Since 2005, security forces and members of the Salwa Judum militia group have killed and raped villagers, HRW says.

Salwa Judum was launched in 2005 to fight the Maoist rebels in the area.

HRW also says the Maoists have kidnapped and executed civilians and targeted people suspected of supporting Salwa Judum.

About 6,000 people have been killed in violence linked to the Maoist rebels in India over the past 20 years.

Eyewitness accounts

Chhattisgarh officials deny supporting Salwa Judum and describe it as a "spontaneous citizen's anti-Maoist movement".

"Human Rights Watch has found that since mid-2005 government security forces and members of the Salwa Judum attacked villages, killed and raped villagers, and burned down huts to force people into government camps," a new report released by HRW in Raipur, capital of Chhattisgarh state, says.

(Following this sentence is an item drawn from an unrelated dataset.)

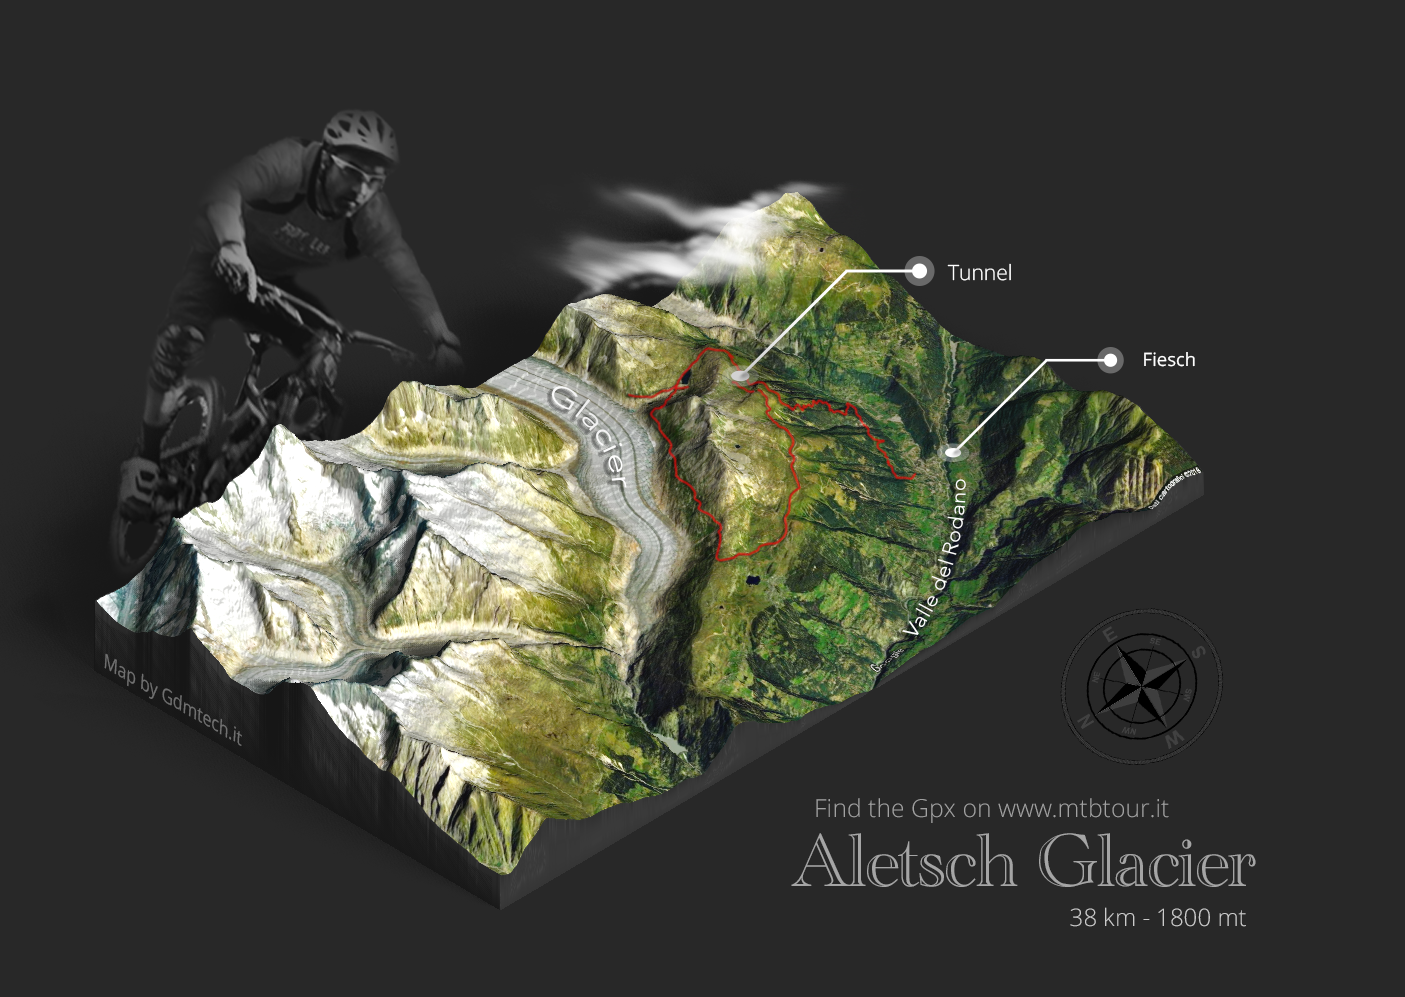 Mappa 3D del percorso Mtb dell’Aletsch Glacier

The group says it has collected more than 50 eyewitness accounts of attacks involving government security forces in 18 different villages in Dantewada and Bijapur districts in Chhattisgarh.

"Judum and police came to our village... They beat the village official and the priest. They beat others also," the report quotes a villager who fled his village in Dantewada district as saying.

"The people who came to our village had bows and arrows, sticks, and the police had rifles. From our village they also raped a 20-year-old woman. They raped her and left her in the village itself," he said.